We don't put time limits on our proposals. Submitted pricing is good for the season.


----------



## fireboy6413 (Sep 28, 2008)

Thanks, i put 15 days after date given, I just want to fill spots as soon as possible,


----------



## wizardsr (Aug 8, 2006)

Depends on the time of year. Typically 30 days unless they call in October or later... Then I shorten it up...


----------



## fireboy6413 (Sep 28, 2008)

you think I screwed up by putting 15 days


----------



## terrapro (Oct 21, 2006)

30 days. I will most likely honor price if I have a position on my schedule for them.


----------



## NorthernSvc's (Mar 12, 2006)

60 days,or until november 1st, then i will accept, only they get a freeze on the service for 2 weeks - in otherwords don't fax me a contract the night of a storm and expect to get service. i reserve the right to withold service for 2 weeks while i arrange routes arrange for subs/ sidewalk crews,


----------



## fireboy6413 (Sep 28, 2008)

yeh but do you think I screwed myself by saying 15 days


----------



## wizardsr (Aug 8, 2006)

fireboy6413;798456 said:


> yeh but do you think I screwed myself by saying 15 days


Not necessarily, really depends on the expectations of the customer. Too late now, don't sweat it, what's done is done. All you're saying is that you'll only guarantee the price to that date, not that you absolutely won't honor it after that date. Not a big deal. I usually honor them anyway as long as I still have room in the routes...


----------



## Bossman 92 (Sep 27, 2006)

I always honor my bids for the season. That is unless they call in the middle of season during a major storm, then the price goes up! payup

Bossman


----------



## LoneCowboy (Jan 2, 2007)

Time is an important part of negotiation. You want to make people make a decision. Don't ever put "no time limit". Then they own you, they have the power and you don't.

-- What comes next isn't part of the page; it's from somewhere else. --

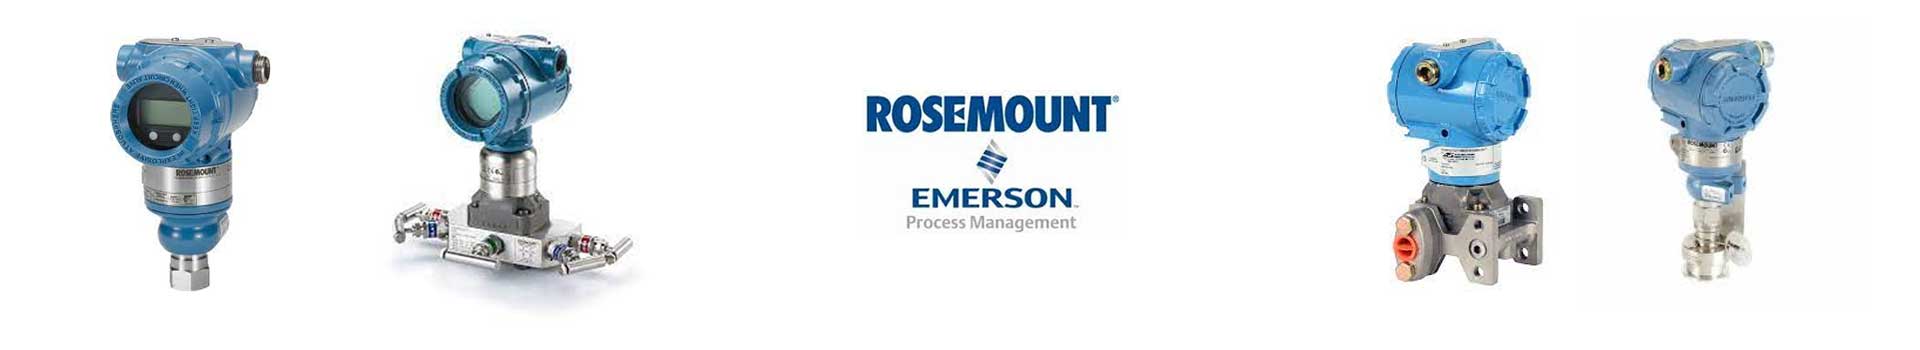 罗斯蒙特Rosemount压力变送器

You might honor the price, you might not 60 days later, but I think you should say "well, I'll have to rebid it, prices have changed" 

It's the same reason when you buy a car, they don't want you to leave the lot, make the decision now.

I use 30 days, but 15 doesn't seem unreasonable (although for a big company it may be). That way you can call them at 14 days "hi, I haven't heard from you, do you have any questions, etc. balh blah blah, gives you a reason to call them.

BTW, for snow mine is 30 days or the first snow. No bids are valid after the first snow. C'mon, it's months away, there's no reason for them to wait, it just means they didn't find anyone else and they want to use you now.


----------



## fireboy6413 (Sep 28, 2008)

Yeh thats why I figured 15 days, if they want to be a shopper, then look else where. yeh ill always take them even if its 90 days from now, but I would rather fillup now then wait.


----------